And I say this as a fully grown woman with WiFi, a smartphone, adult money, and access to online parenting advice at 2 AM.
Some days I still feel like a teen mom mentally.
Like, excuse me… you people trusted ME with somebody’s life?
Because one minute I’m giving responsible adult answers, and the next minute I’m hiding in the bathroom eating snacks in silence so I don’t have to share.
Motherhood is beautiful, yes.
But it is also hard, emotional, draining, confusing, and deeply humbling.
Which then made me think…
If I, a grown woman sometimes feel overwhelmed by motherhood… what about an actual 15-year-old?
Or a 16-year-old girl suddenly expected to become somebody’s wife and somebody’s mother?
Because, be serious for a second.
At 15, most girls are still figuring out algebra, friendships, acne, crushes, and whether they even like themselves yet.
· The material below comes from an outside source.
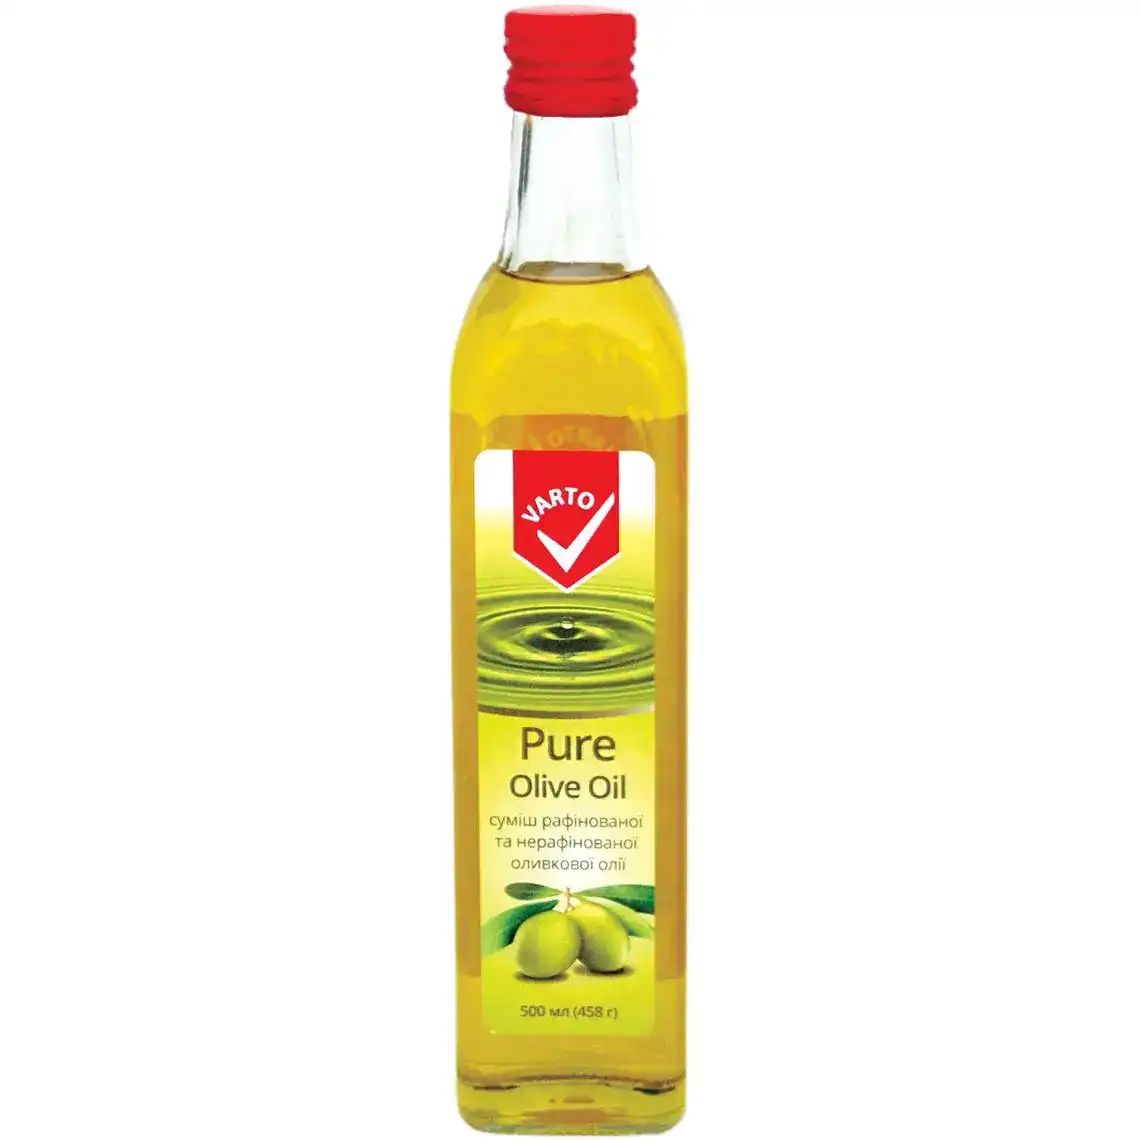 Оливкова олія Varto Pure суміш рафінованої та нерафінованої олії 500 мл

Suddenly society wants to hand them a husband, a baby, and lifelong responsibilities like it’s a group assignment they volunteered for.
Absolutely not.
Sometimes people talk about child marriage so casually too.
“She’s mature for her age.”
No. She was forced to grow up early.
There’s a difference.
Trauma can look like maturity from a distance.
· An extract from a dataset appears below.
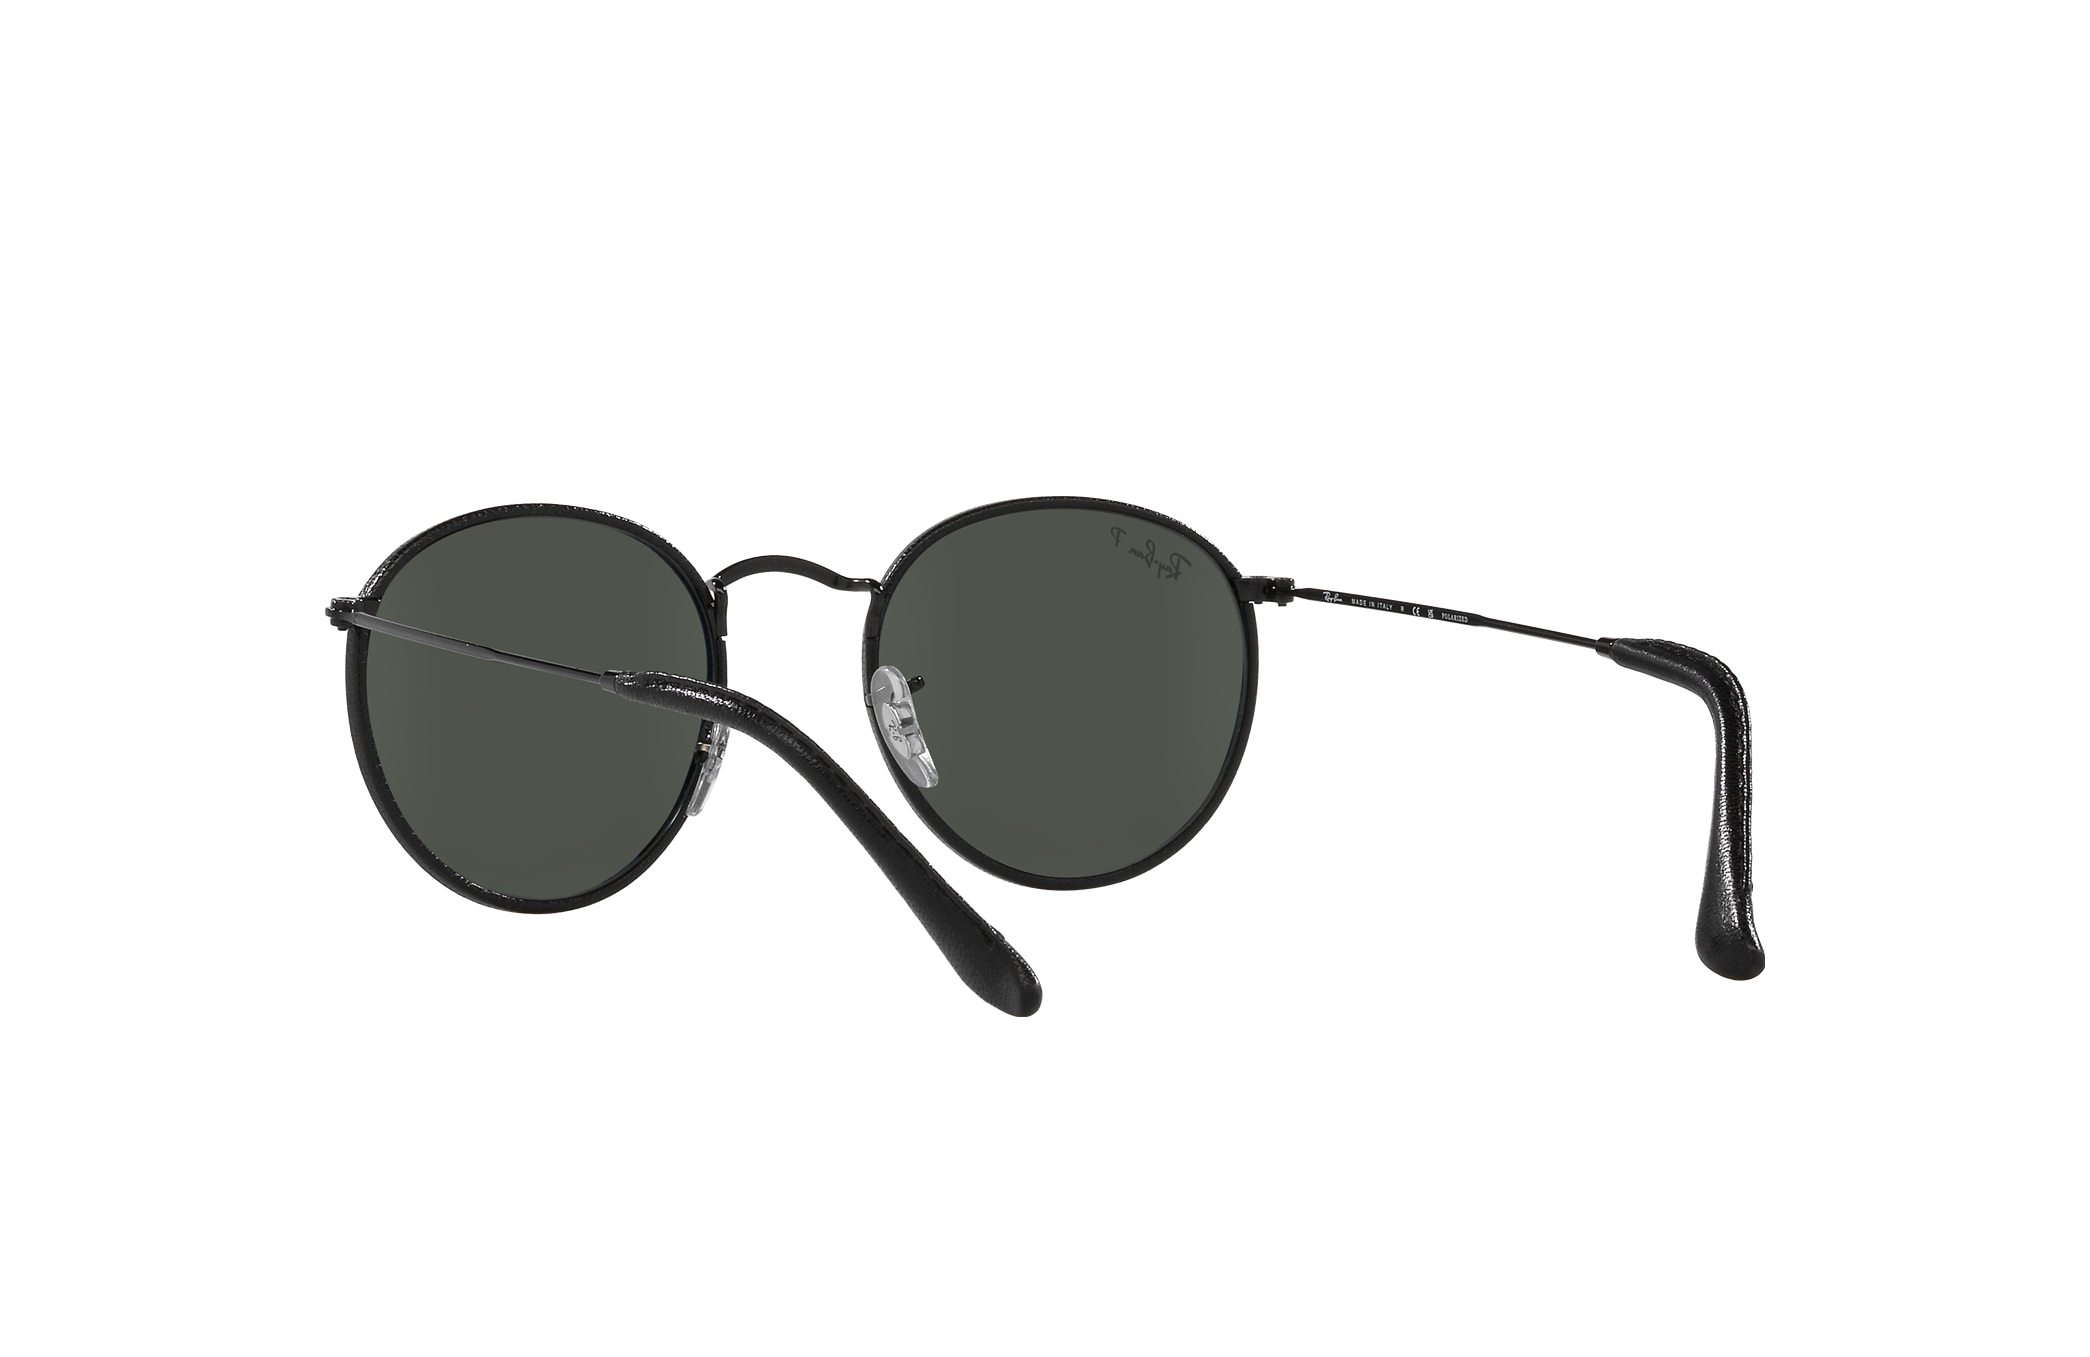 Buy R Resist Aviator Sunglasses Black For Men & Women Online @ Best Prices  in India | Flipkart.com

And honestly, adulthood itself is already a scam half the time.
Bills.
Stress.
Back pain.
Trying to decide what to cook every single day until the end of time.
Now imagine adding marriage and motherhood to a child on top of that?
Even grown adults are out here whispering.
“I just need a break.”
“I’m tired.”
“I don’t know what I’m doing.”
“I hope this child survives my parenting.”
So why do we act like little girls can magically handle all that pressure better?
And please, I know somebody somewhere will say...
“But our grandmothers married young.”
Yes… and many of them were also exhausted, silenced, overworked, and robbed of choices. We just romanticise their survival because they endured it quietly.
Surviving is not the same thing as thriving.
A girl child deserves more than survival.
She deserves time. Time to grow. Time to dream.
Time to make mistakes that don’t involve raising another human being before her own brain is fully developed.
Because motherhood should be a choice made with readiness, not a burden forced onto girls still trying to understand life themselves.
Honestly, this Mother’s Day just confirmed something for me,
If motherhood sometimes makes grown women cry in parked cars and hide in bathrooms for peace…
Then surely we can all agree a child should not be pushed into it early.